HEADLINE: Hizbullah accuses Israel of 'procrastination' on swap


Hizbullah Secretary-General Hassan Nasrallah said late Tuesday he would no longer tolerate Israel's "procrastination" on the impending prisoner swap, threatening that his group would repatriate its men, with or without the exchange.

Hizbullah analysts in Israel saw the comment as an attempt to ratchet up the pressure on Israel, while at the same time brandishing the threat of additional abductions. In return for the release of hundreds of Lebanese, Palestinian, and other Arab prisoners, Israel hopes to bring home Lt.-Col. (res) Elhanan Tannenbaum and the bodies of three soldiers, St.-Sgts. Benny Avraham, Adi Avitan, and Omar Sawayid, who were abducted in October 2000.

"Our message is clear. Time is passing. I want to say clearly that Hizbullah will not bear more procrastination," Nasrallah told followers at a Women Social Solidarity charity organization meeting. He had refrained from mentioning the impending swap for two weeks, following criticism by the German mediators of Israeli and Hizbullah leaks.

"We reiterate and stress our decisive and final commitment in the case of returning these dear prisoners to their families and homes by negotiations or else without negotiations," Reuters quoted Nasrallah as saying.

"Our conditions are clear and final, and our demands are clear and final....

"More procrastination means that the Israelis, in another way, are saying to us that the operation is over and you must move to other choices."

The security establishment takes the threats of "other choices" very seriously, said Eitan Azani, a veteran of the intelligence community and a research fellow at the International Policy Institute for Counter Terrorism.

"This is a threat to kidnap Israelis, nothing more or less," he said.

The threat follows a similar Nasrallah speech in July, when he said he is ready to negotiate, or to begin kidnapping Israelis.

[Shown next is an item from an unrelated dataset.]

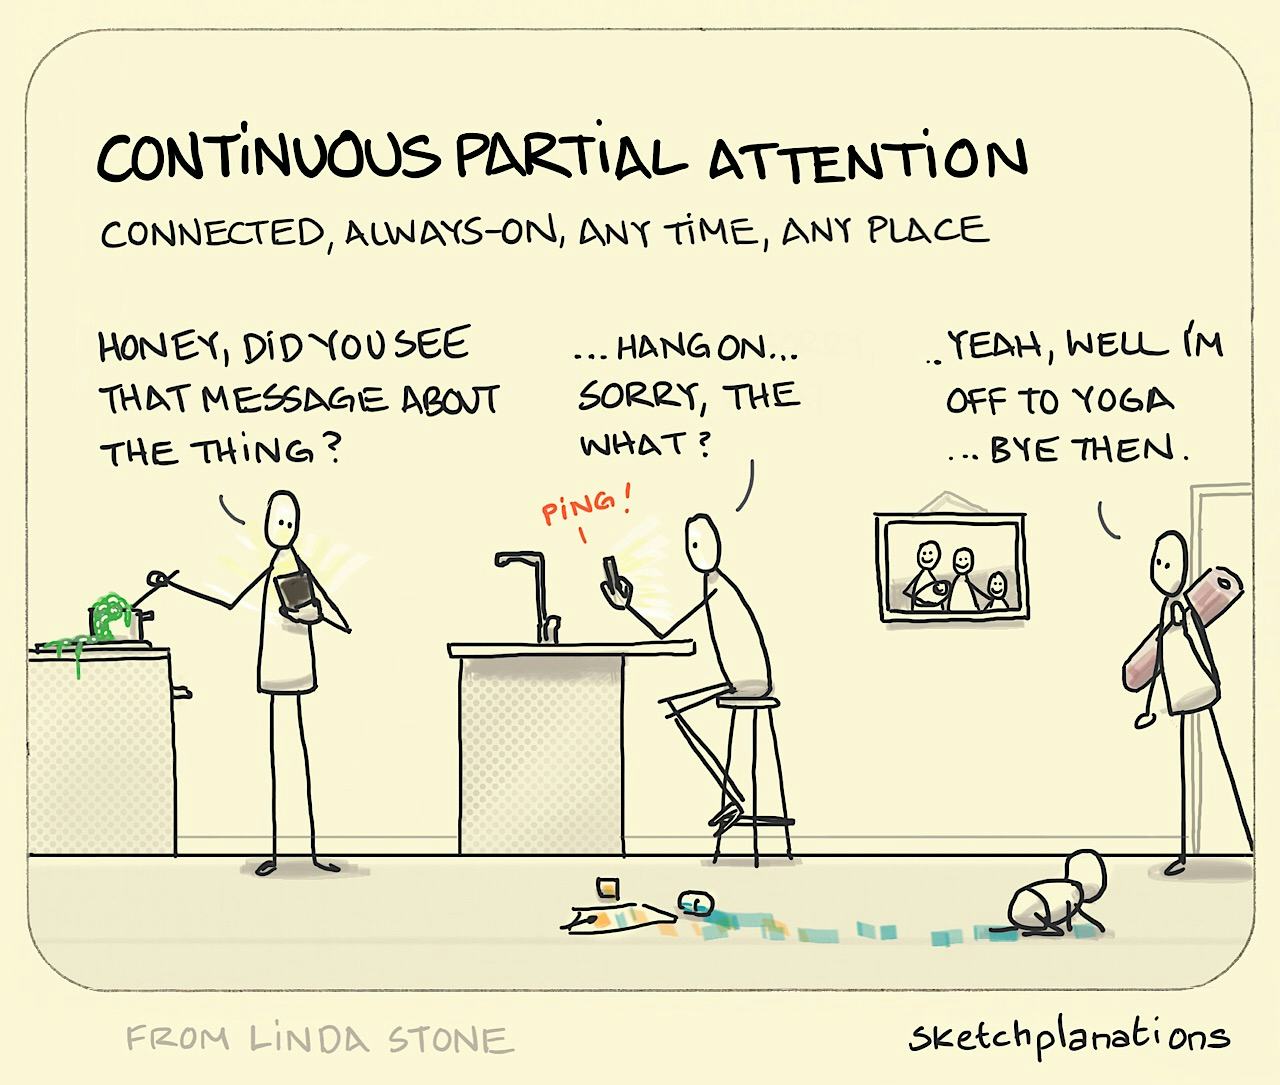 Continuous partial attention - Sketchplanations

"He is telling us two things here," Azani said. "First, that Israel better get its story straight: Do we want Tannenbaum or not. Second, that he is under internal pressure and is willing to do almost anything to break it, including kidnapping more Israelis."

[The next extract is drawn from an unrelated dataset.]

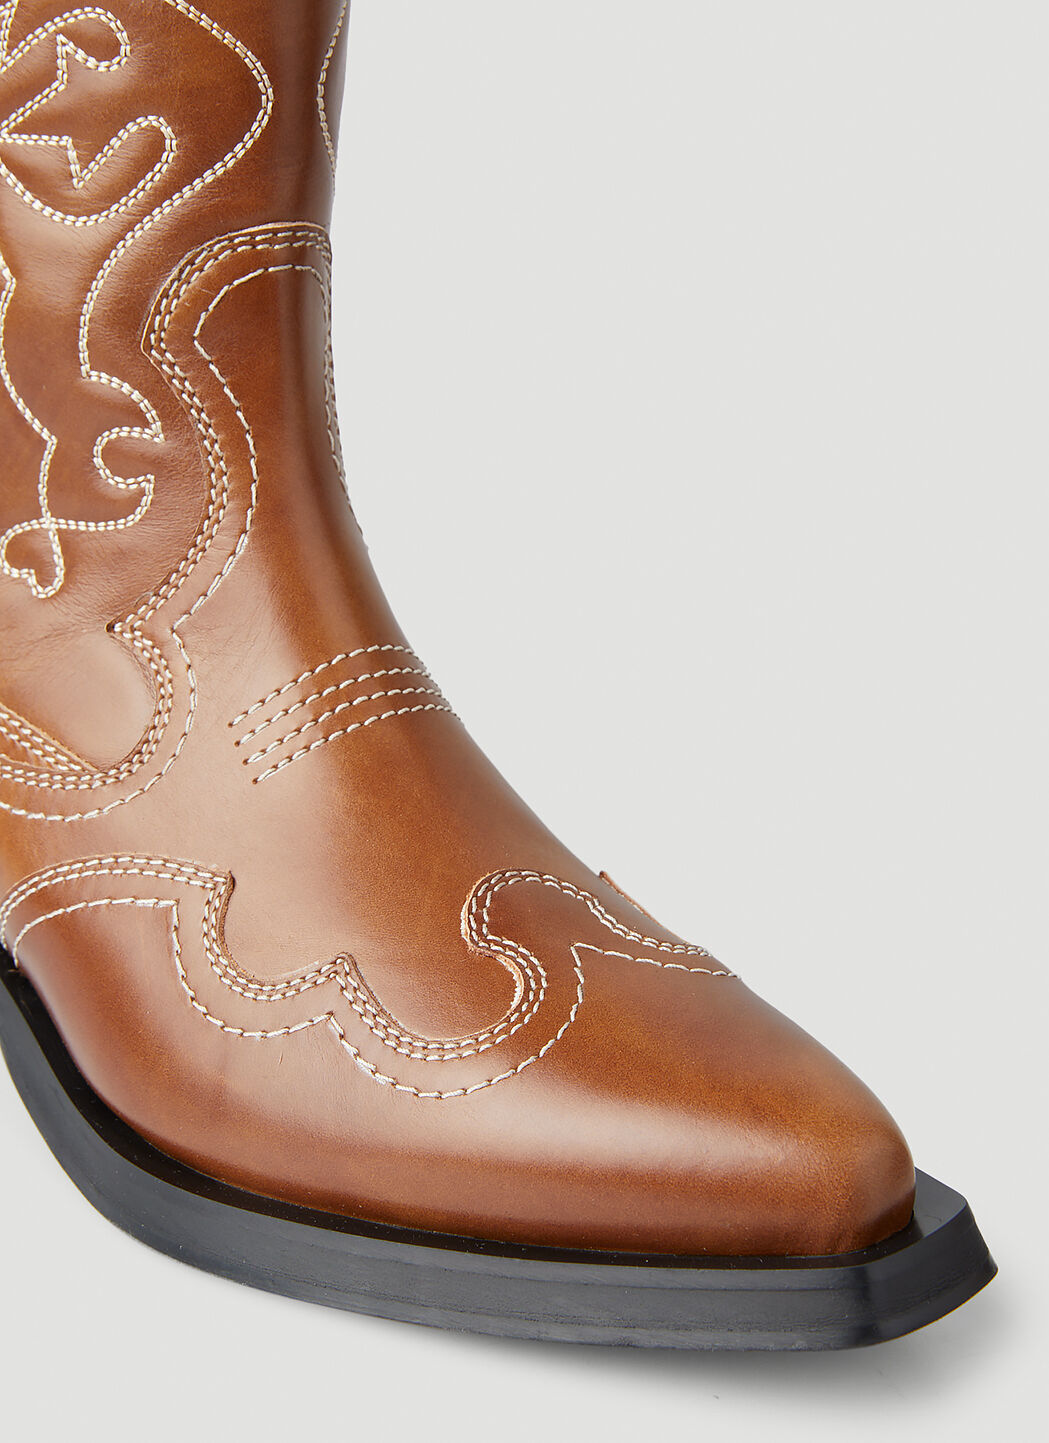 GANNI Knee High Embroidered Western Boots in Brown | LN-CC®

Hizbullah has traditionally sought to secure prisoner swaps just before major events, such as elections, or currently, Id al-Fitr, the festival ending the Muslim holy month of Ramadan.

On Monday, the Lebanese daily Al-Mustaqbal quoted a Hizbullah source as promising to have the Lebanese prisoners home by the last week of November.

According to Matthew Levitt, senior research fellow in Terrorism Studies at the Washington Institute for Near East Policy, Nasrallah's target audience is not in Beirut, but in Jerusalem. "This is his way of lighting a fire under the Israeli politic, because Nasrallah is wary of losing the deal," he said.

With chief Israeli negotiator Ilan Biran off to Germany, Levitt said, Nasrallah is telling Israel that this is the final round of negotiations, that his time and patience are running out.

Prime Minister Ariel Sharon has said he fully supports the deal. However, dissent over its price has mounted since the High Court of Justice lifted a ban on publishing the events leading to Tannenbaum's abduction.

A public outcry arose over Tannenbaum's tarnished past and the dubious business scheme that led him into the hands of Iranian and Hizbullah agents in Abu Dhabi.

"All this talk about Tannenbaum's worthlessness makes Nasrallah very uncomfortable," Levitt said.

Sharon has kept his cabinet out of the negotiating process, refusing to reveal many parameters of the deal.

Sources close to him say he fears that his ministers might leak critical elements that would generate much criticism, both in Israel and from the German mediators.

Others have said Sharon is concerned that Israel's concessions to repatriate Tannenbaum might make the deal difficult to swallow for the Israeli public.